Now, the history behind these questions. Usually when I have to deal with any MySQL issue not obviously caused by a user mistake or misconfiguration, I suspect that the problem may be related to some (known or yet unknown, fixed or still active) MySQL bug. I search MySQL bugs database for error messages and codes, keywords, stack trace entries or assertions user noted, at the earliest stage of investigation. This approach works well enough for me for more than 8 years, as even if the problem was not related to any bug, similar reports may give explantions, workarounds or other hints on possible reasons.

To be able to search bugs faster and have more things readily available "from the top of my head" I try to read new public bug reports whenever they appear. Sometimes I send comments or hints. Often enough I see simple test cases there to check. And I do try to run these test cases in a hope to see the problem more clearly or find out that it is not repeatable for me (to try to understand why is that so later). I do this during my free time and while I work, I do this this for fun and when colleagues ask me for some assistance or, specifically, for any bug that may be related to their problem at hand.

I used to share my finding immediately on Facebook by posting URLs to bugs with my comments, but this activity is now stopped at least till PLMCE 2014 in a hope to find some better way of cooperation on bug fixing and as a part of one simple experiment for my talk proposed for that conference (that was not selected by the committee anyway). So, since the end of November, 2013 I share (rarely) only some questions or test cases from time to time, and ask colleagues to try them on their favorite MySQL, MariaDB or Percona Server versions, if they are also curious.

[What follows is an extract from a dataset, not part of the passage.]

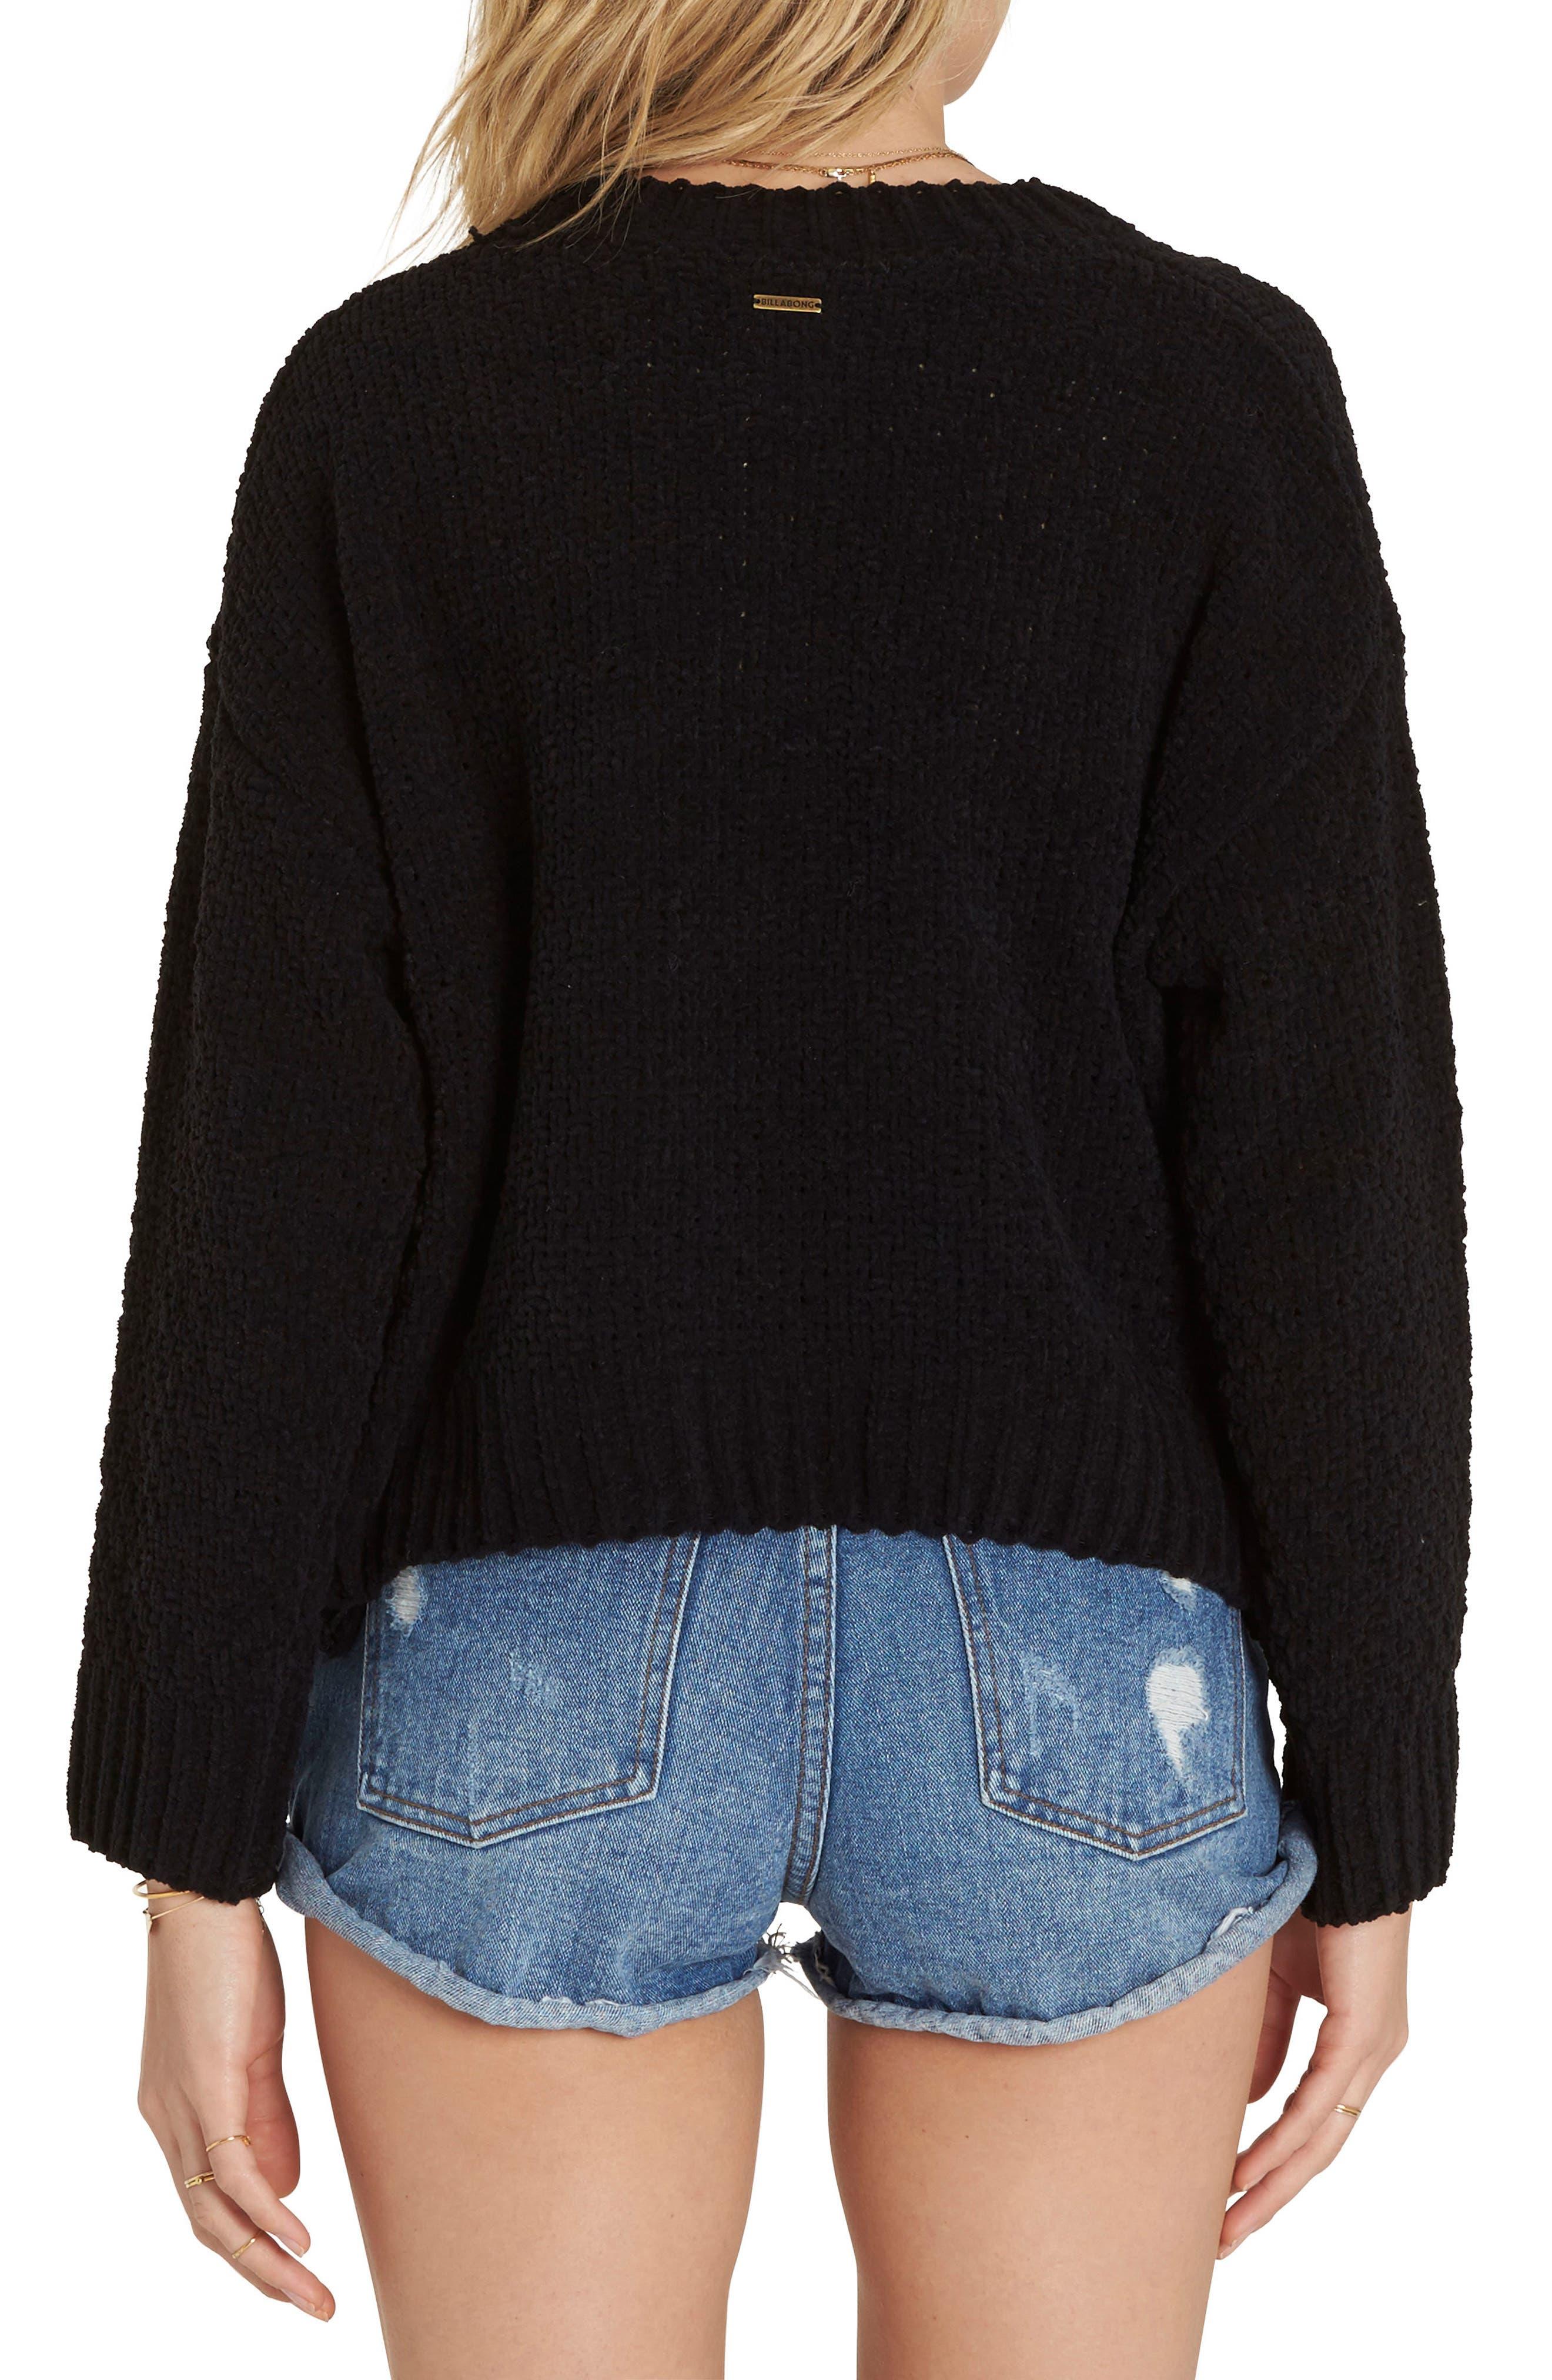 All Mine Chenille Sweater,                             Alternate thumbnail 2, color,                             001

This week during my usual review of new bug reports in the morning I've noted an "Open" bug with a simple test case, just a couple of UPDATEs for some InnoDB table having a single row of data, that, according to the bug reporter, crashed recently released MySQL 5.6.16 (that I blogged about just a day before) and 5.5.36. Surely I've immediately tried this test case, that crashed my test instances because of assertion failure. I've waited for some time to see that the bug is still open, informed few of my colleagues hanging around at IRC chat about new crashing bug found, waited for some more time and... posted test case in a status update on Facebook. This post got some comments that suspected crash as a result, but not so many. I have maybe 200 friends there and most of them are actually current or former colleagues, MySQL engineers or software developers who work on MySQL and other databases in Oracle, HP, SkySQL, Percona and few other companies. My idea was to make them all immediately aware about potential problem. I've noted that very soon after this post the bug report had "disappeared" - it was marked as Private probably and, I hope, verified and got proper attention from Oracle engineers.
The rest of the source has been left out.